第114章 恶意的散播

林悦儿左右瞟了一眼,声音压得更低,仿佛怕惊扰了什么,眼神里却闪烁着恶意的光芒:“我听人提过一嘴,陆团长是在外面执行秘密任务时,在荒郊野岭捡到她的。你们想想,一个穿得干干净净、长得又这么扎眼的小姑娘,平白无故出现在那种前不着村后不着店的地方,这本身……它就说不通啊!符合逻辑吗?”

她的话,像一块巨石投入看似平静的湖面。

“悦儿同志,你……你的意思是,她来历不正?”王婶子倒吸一口凉气,眼睛都瞪大了。

“哎哟,我可没这么说,”林悦儿立刻摆手,一副“你别害我”的表情,但话里的钉子却砸得实实在在,“我就是觉得这事儿太蹊跷,心里放不下。

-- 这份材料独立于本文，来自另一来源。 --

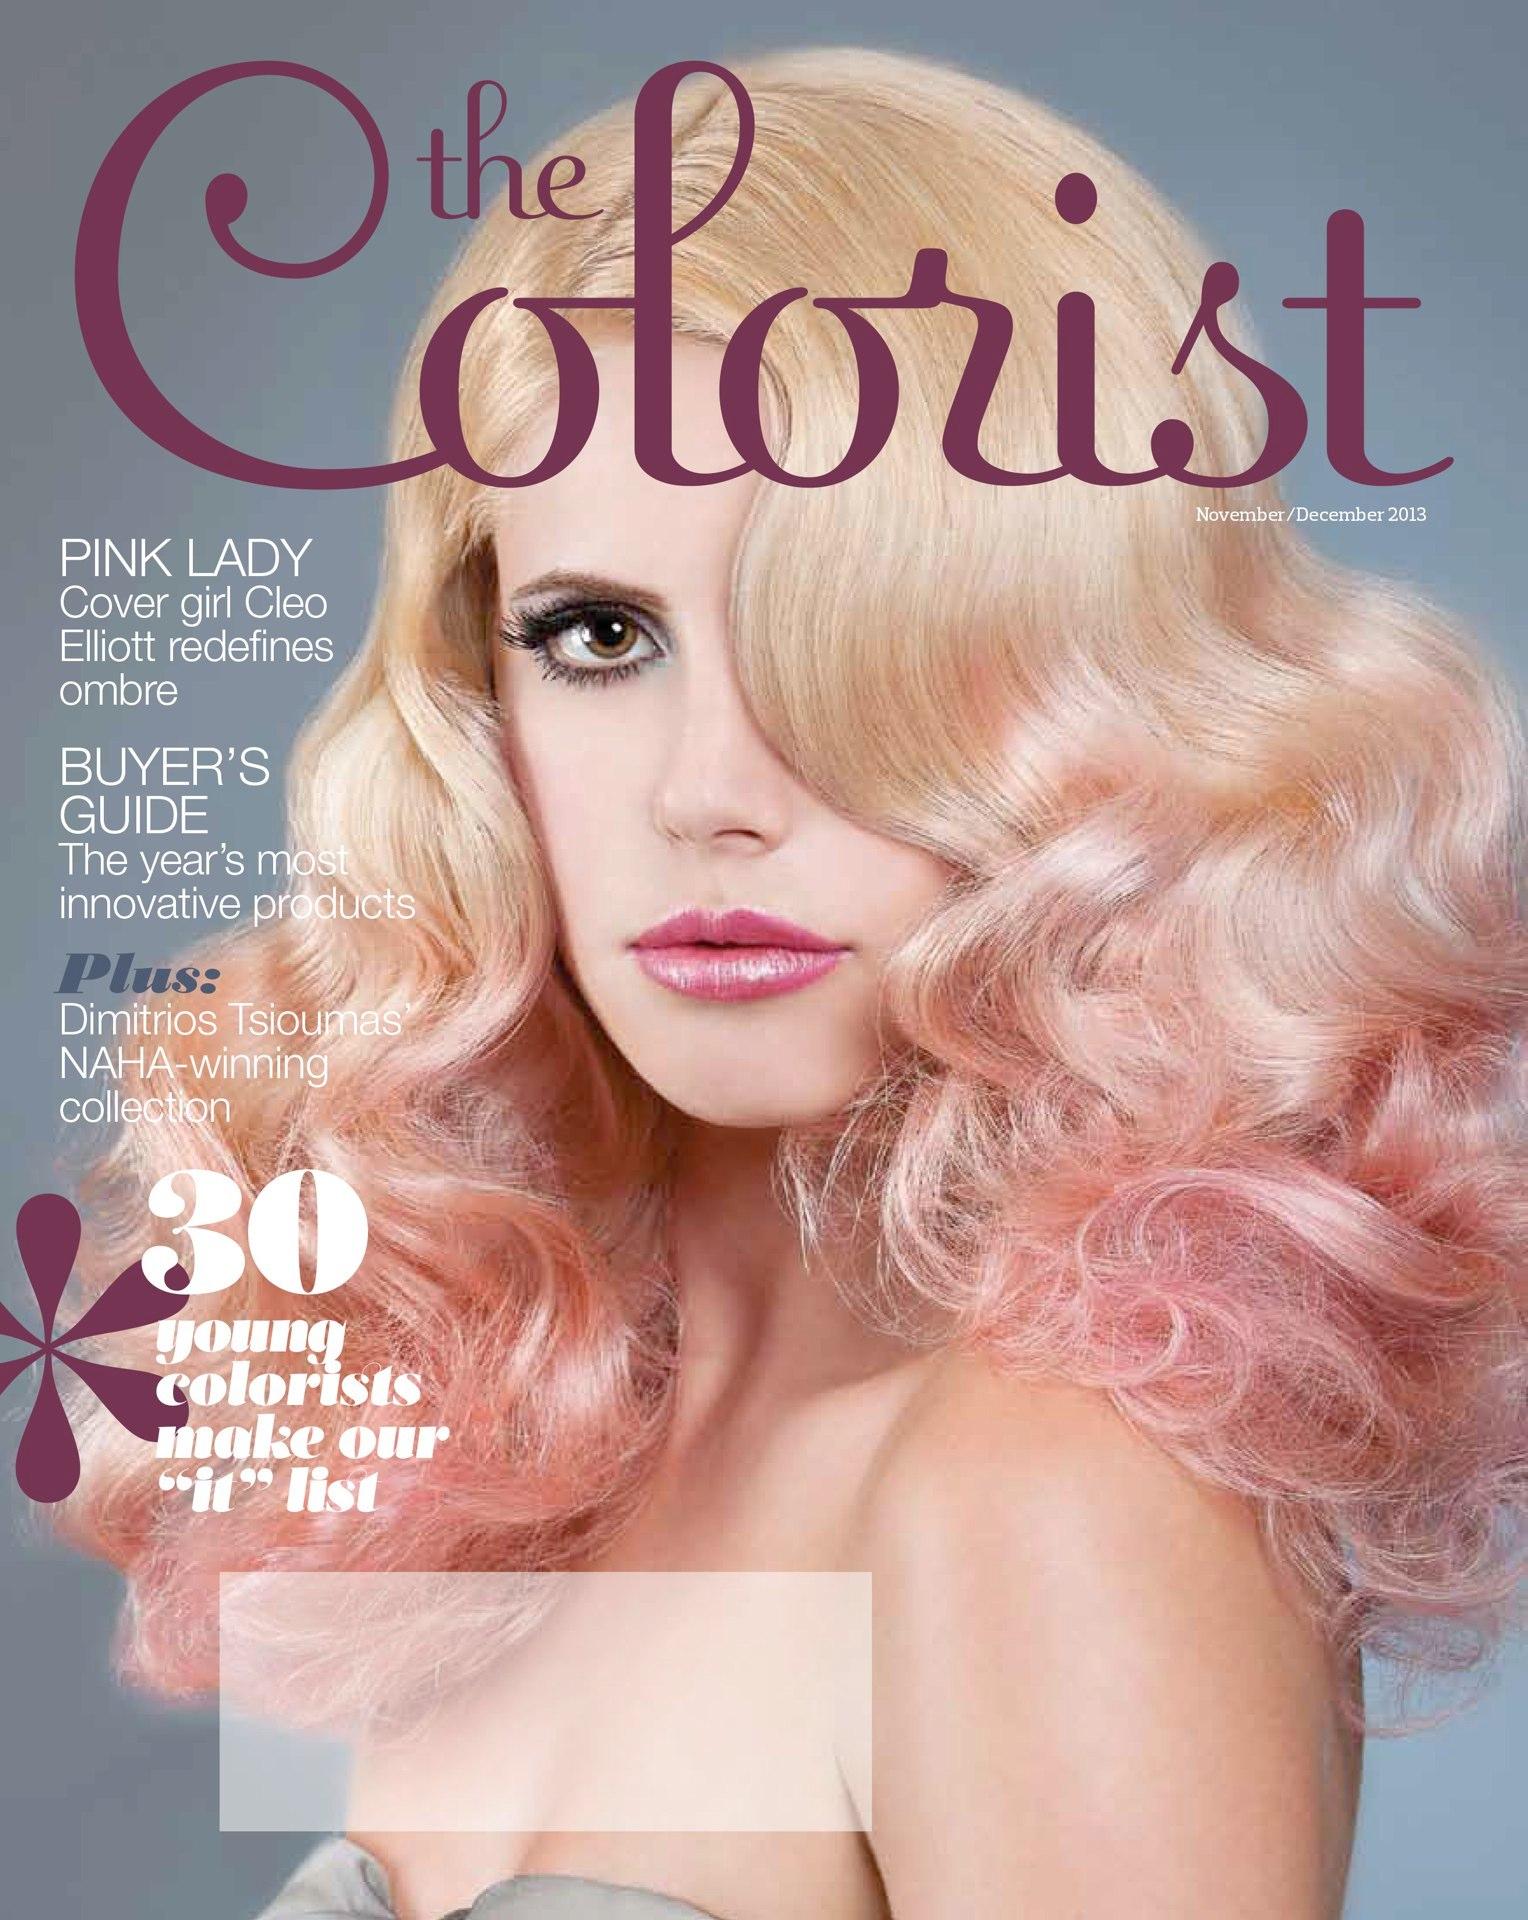 colorist_cover_112013.jpg

而且你们发现没有?她来了也有些日子了,除了陆团长和他那个警卫员陈大川,几乎不跟任何人打交道。陆团长把她护得那叫一个严实,连我们这些老熟人、老战友想上楼关心一下,都近不了身。这要是心里没鬼,身世清白,干嘛这么藏着掖着?咱们这大院,难道还不安全吗?”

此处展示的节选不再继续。